Mausoleums are often community spaces. They are specially designed to hold the coffins and remains of a maximum number of people in a minimally sized area. Mausoleums may be designated for use by only a certain family or group, but they can also house the remains of strangers. Individuals who do not mind being deposited above ground with several other people may not be bothered by this. Some people may find the close quarters to be undesirable.

Fluid Leaks

Mausoleums are considered to be clean and dry burial options. However, sometimes fluids from decomposing bodies can leak out of the casket and into the crypt. There have been reports of decomposition fluids leaking all the way out of the crypt to the outside. This problem can happen in specially designed sealed caskets that do not have any type of ventilation. Vents allow the body to dehydrate, discouraging the build-up of fluids that can leak and cause a sanitation hazard.

Casket Explosions

Sealed caskets with no ventilation sometimes experience an accumulation of gases emitted from decomposing bodies. The build-up of gases sometimes becomes so intense and pressurised that the casket explodes. An explosion not only disturbs the body but can also destroy at least part of the mausoleum's crypt as well. This undesirable phenomenon is referred to as "exploding casket system" in the funeral industry.

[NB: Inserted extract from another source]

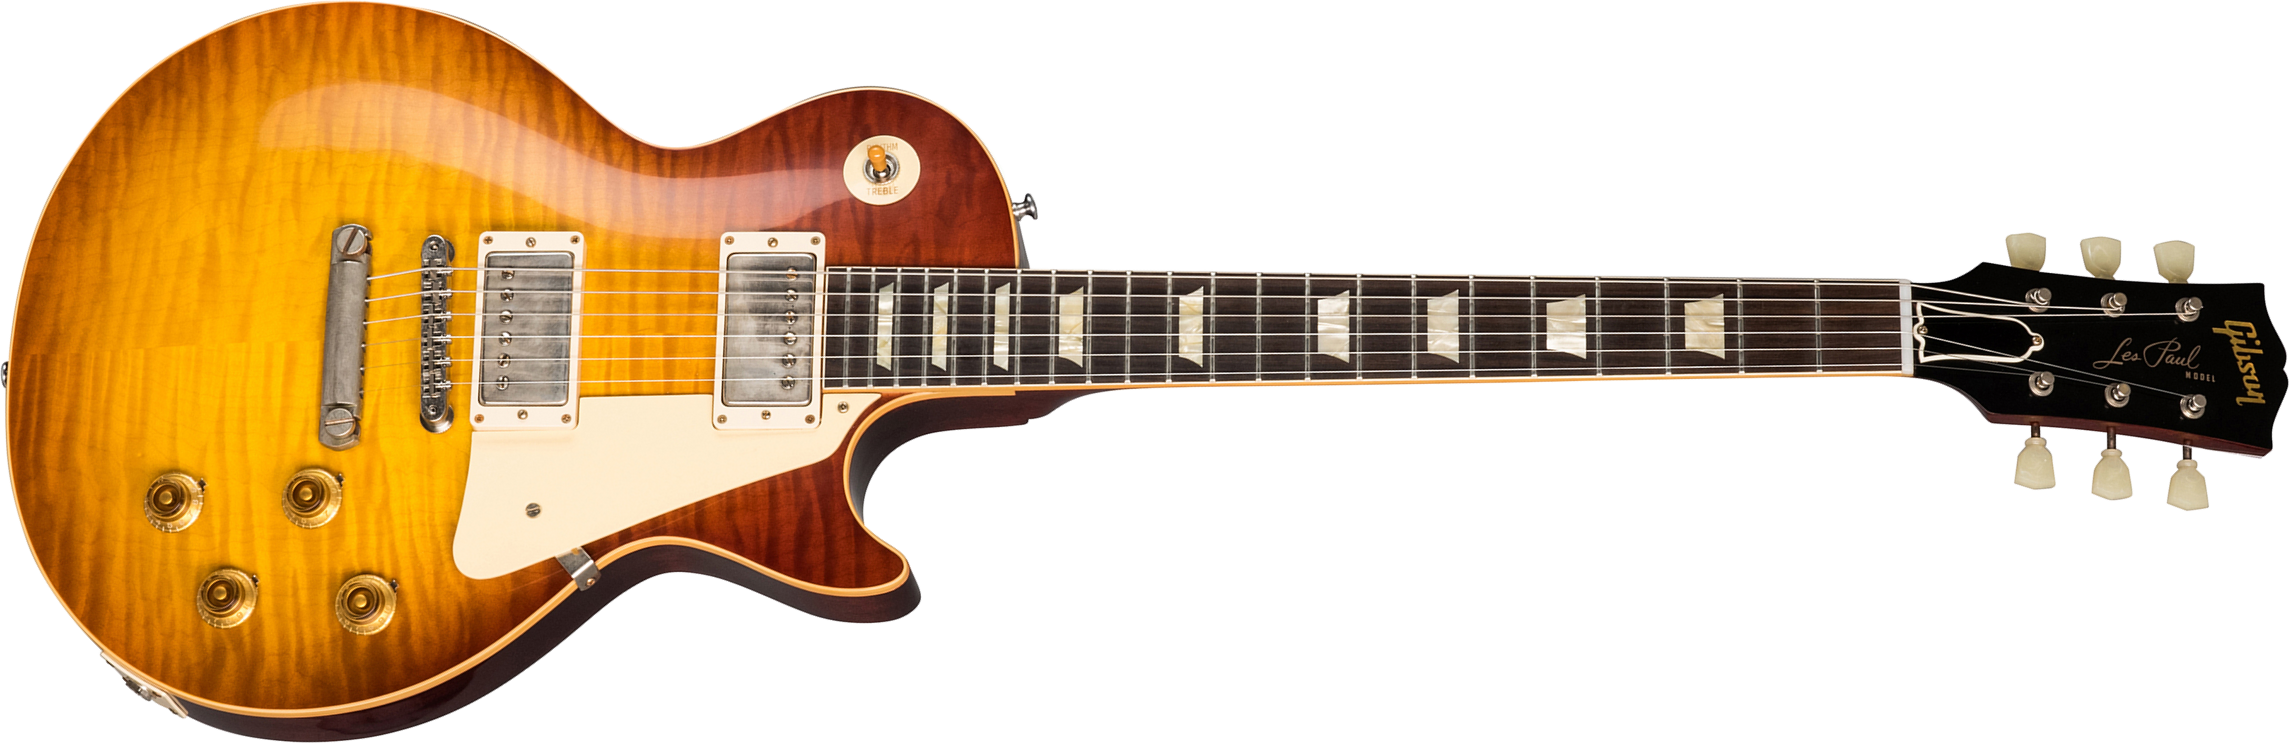 Gibson Custom Shop Les Paul Standard 1959 60th Anniversary Bolivian Rw - Vos Orange Sunset Fade - Single cut electric guitar - Main picture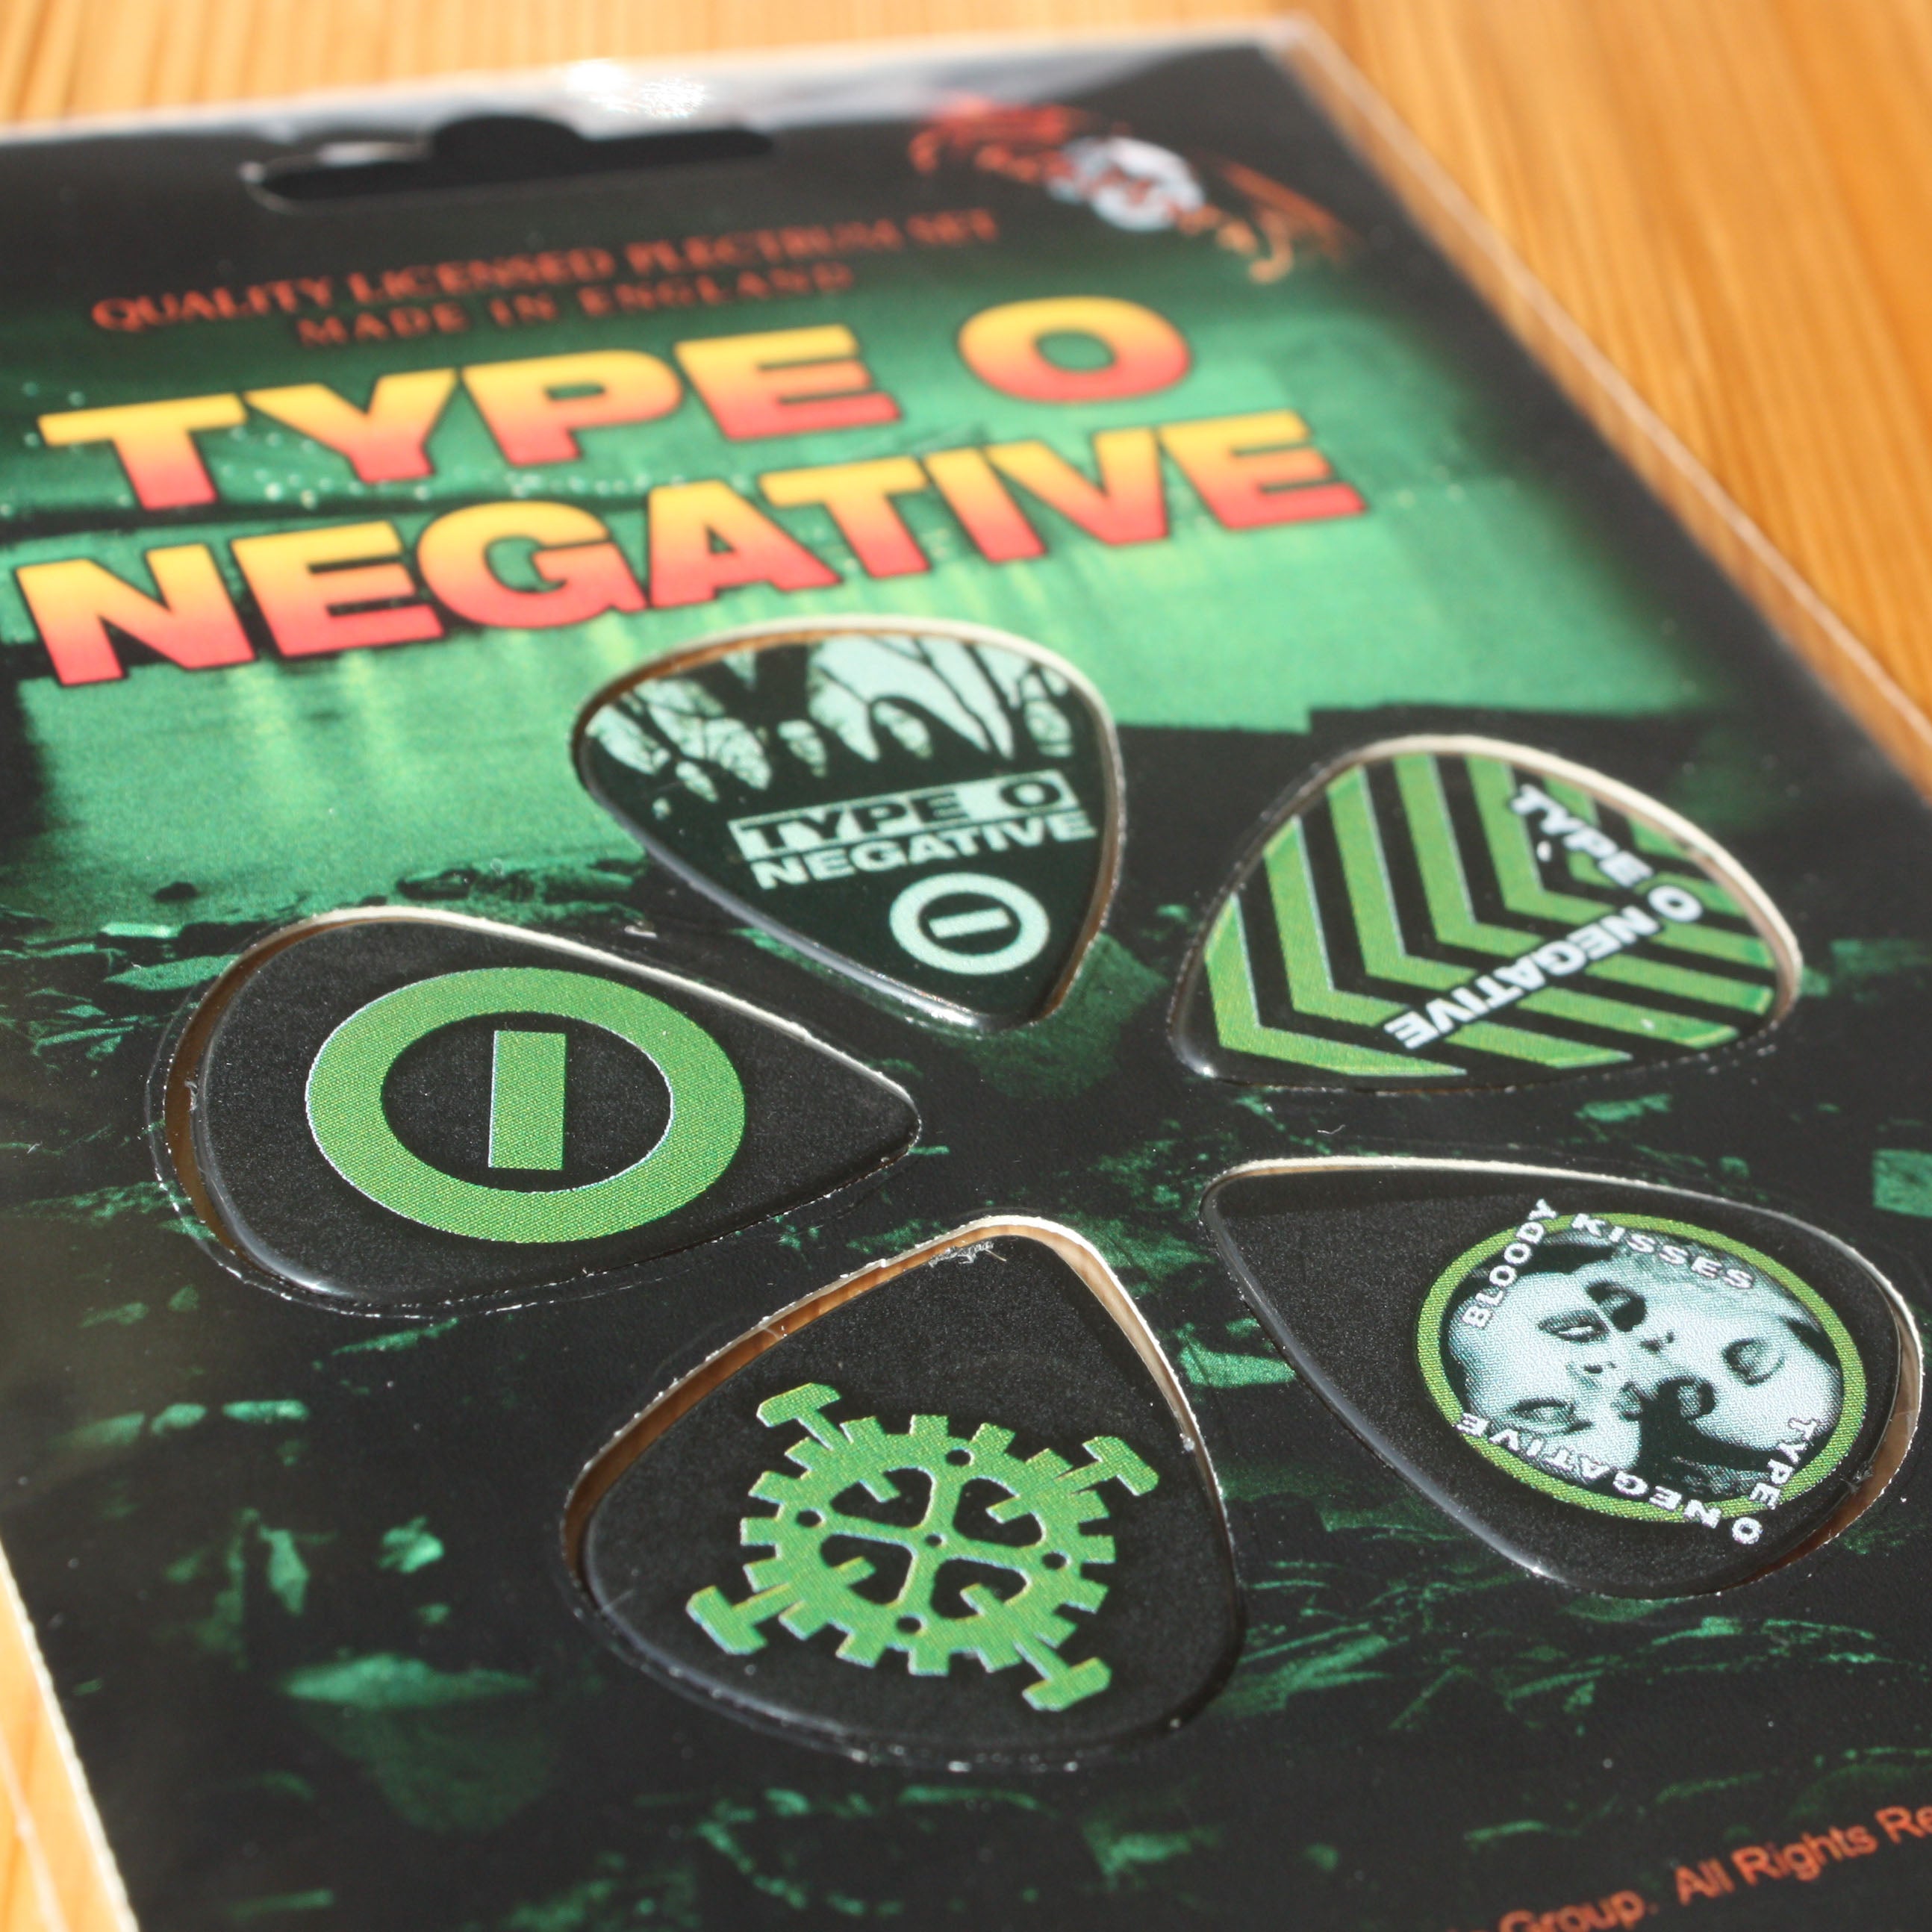 Type O Negative - Logo (Plectrum Pack)

Mausoleums are highly visible to passer-by, unlike ground interments and crematory deposits. Sometimes mausoleums are broken into by vandals. The mausoleum's main structure may be defaced. Vandals may enter the crypt and break into vaults to disturb the bodies and steal any grave goods. Graveyards are typically not patrolled, so the likelihood of catching criminals in the act of defacement or looting is low.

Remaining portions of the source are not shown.